Последние слова, сказанные Ирьей, прозвучали так неожиданно из уст этой совсем не сентиментальной женщины, что сердце Лии сжалось. Повинуясь внезапному порыву, Лия встала, обошла стол и в первый раз за всю жизнь крепко обняла Ирью.
- Ну ладно, ладно, - бормотала растроганная ведьма, поглаживая девочку по голове, - все образуется… Ладно, если хочешь остаться – оставайся, только пообещай мне ни во что не вмешиваться.
- Обещаю!
- Вот и чудно…

В темноте все кошки серы, и все дома в округе Ла-Уньон похожи друг на друга, хотя бы их и строили лучшие архитекторы. Каждый дом – крепость в глубине сада, обнесенного высоким забором. Лия  уже второй раз проходила по Гиацинтовому переулку, отсчитывая здания, но почему-то никак не была уверена, что посчитала правильно.
- три… четыре… пять… Должен быть вот этот дом.
Она подняла глаза: за витой чугунной оградой прятался изящный трехэтажный особняк, в котором барон Ферро проводил большую часть года, когда не выезжал в свое поместье в Плериэле.

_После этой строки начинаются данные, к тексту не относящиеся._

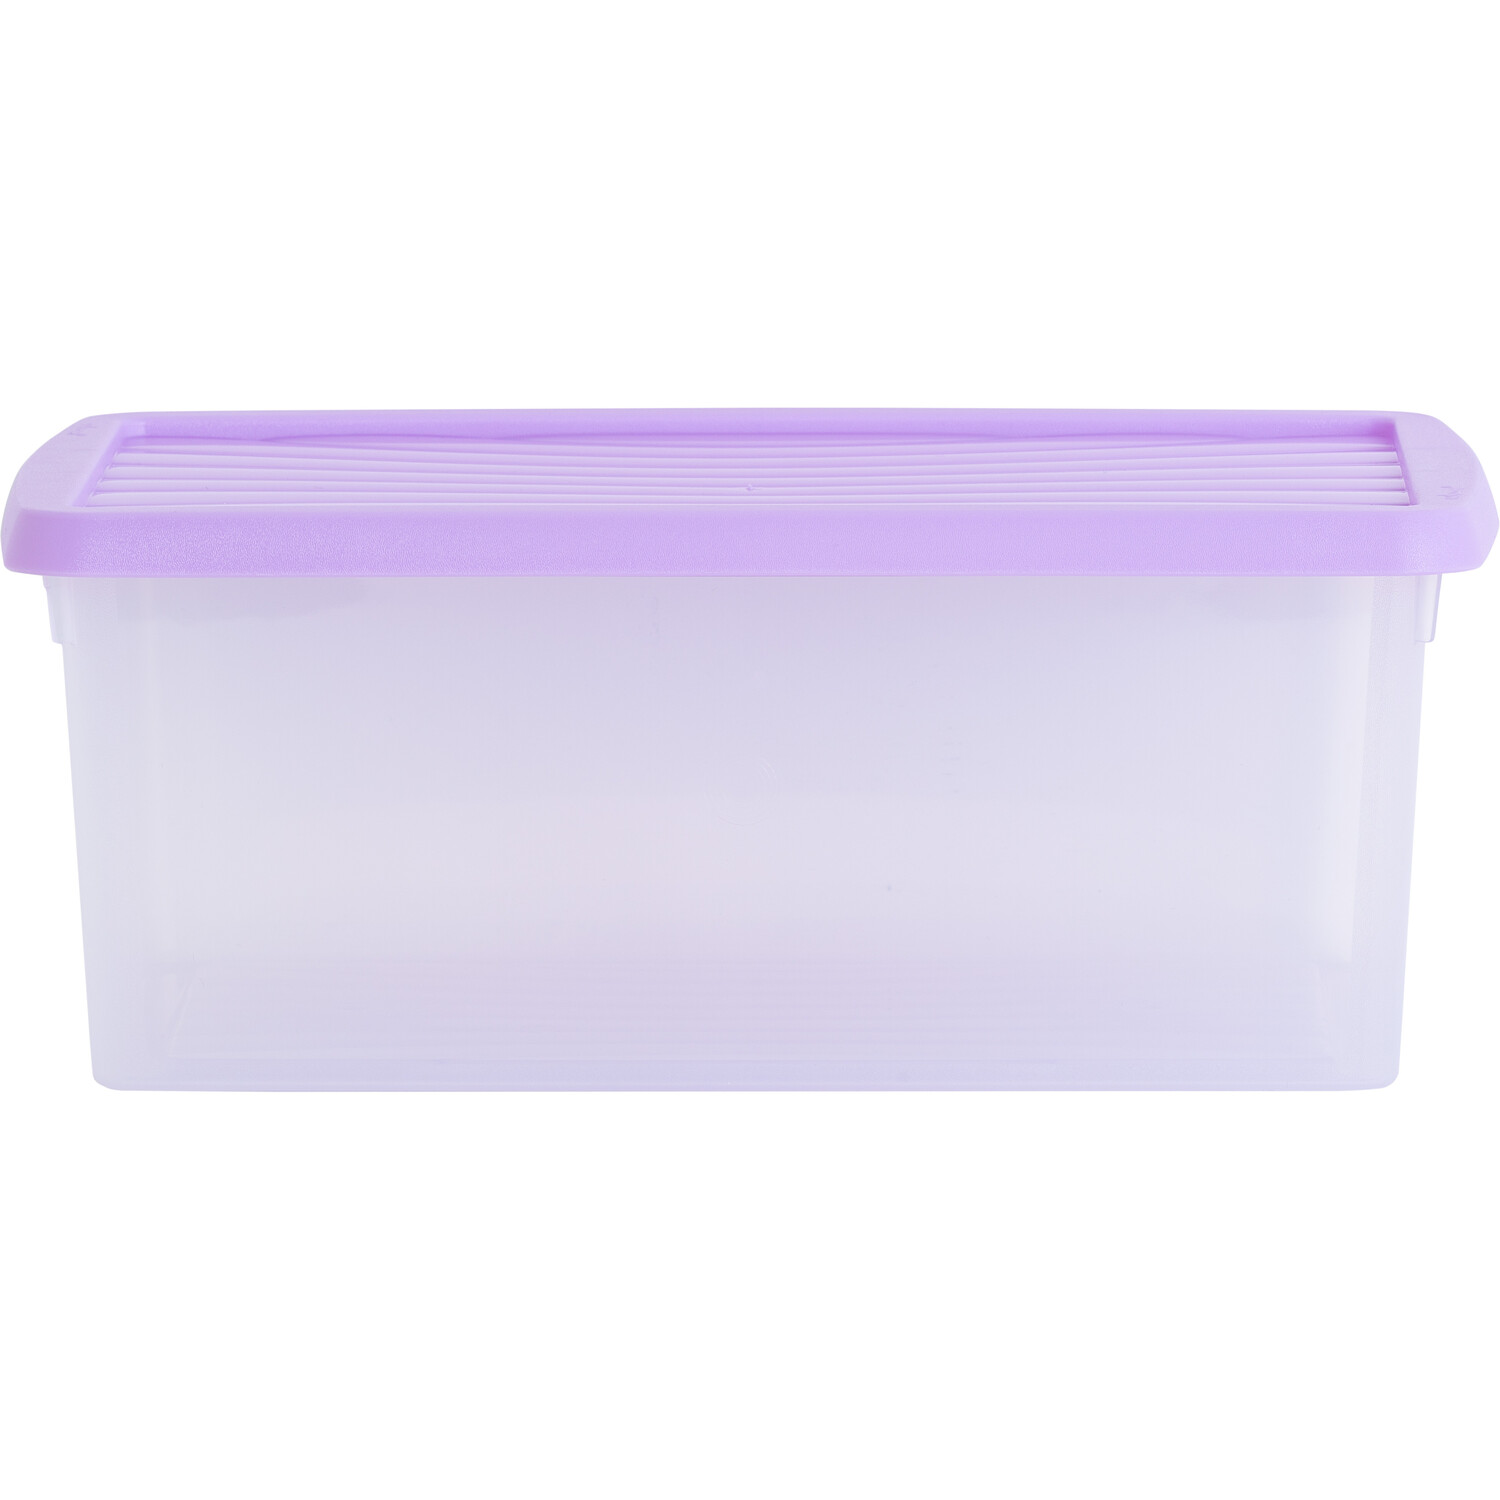 Single 9L Storage Box with Clip On Lid in Assorted styles Image 3
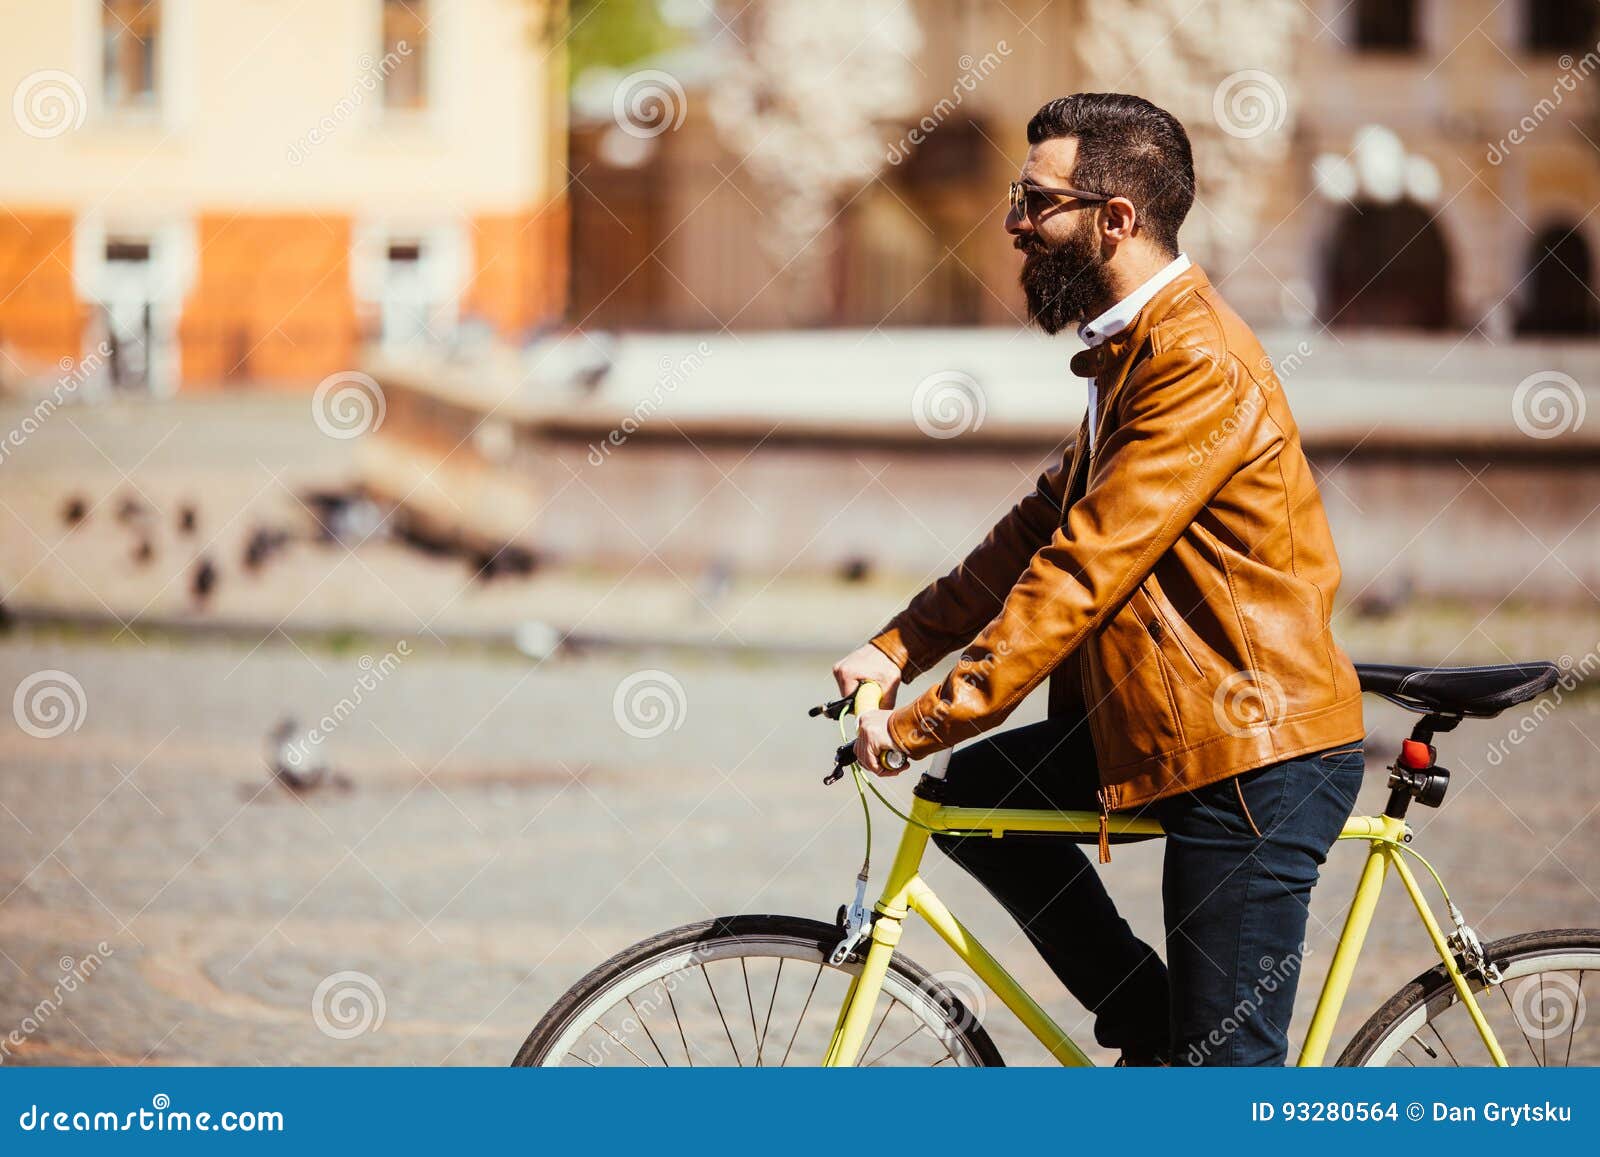 Hipster Man Riding in a Fixie Bike in the Sunny City Streets. Stockfoto ...

Темные вершины деревьев заслоняли дом от любопытных взоров, но сквозь листву были видны теплые окна, светящиеся желтым. Интересно, в каком же из них Мими?
Когда она исчезла, все сразу отступило на второй план: война, закон против ведьм, тайна рождения. Все стало неважно. А ведь Лия даже мечтала, что станет королевой – великой и могущественной, и Мими будет гордиться ей. Она почти видела ее в роскошных платьях, суетящуюся во дворце, командующую стадом фрейлин, и видела ее на торжественных приемах в Тронном зале – по правую руку от себя. Это были кусочки большой мечты, которая разлетелась вдребезги от простых слов барона Ферро: «Ты едешь домой».
- Теперь я больше ей не нужна… - от такой мысли Лие захотелось завыть на весь мир. Тоска пригнала ее сюда, к дому барона, она топталась тут в безумной надежде еще хотя бы раз увидеть Мими, но сумерки хранили молчание. Только кусты предостерегающе зашевелились – из них показалась крепкая, мордастая собака, внимательно посмотревшая на Лию маленькими злобными глазками. Лия сделала шаг вперед и ее пальцы сомкнулись на холодной чугунной решетке. Пес предостерегающе зарычал. Она вдохнула и отошла на два шага назад, а потом и вовсе бросилась бежать.
Прочь отсюда! Бежать, бежать, пока есть силы, чтобы не чувствовать боль потери! Лия бежала, пока окончательно не выдохлась – сердце бешено колотилось, пот струился по лицу, скрывая слезы, ноги подгибались. Она добежала до холма Стражников, откуда жители любили смотреть на центр города, видный, как на ладони, и остановилась, обессиленная.
Внизу закатившееся солнце подкрашивало облака и воду в рубиновый цвет, которым полыхали и крыши Университетского квартала. В Халидаде уже зажгли огни, и он горел мелкой россыпью золотистых фонарей, словно лесные феи в период полетов. Небо над городом было красным, постепенно темнея и превращаясь в густо-чернильное, бархатное. Красота была повсюду – уже в который раз Лия замечала, что этот мир потрясающе красив, и в который раз эта красота не могла ее утешить.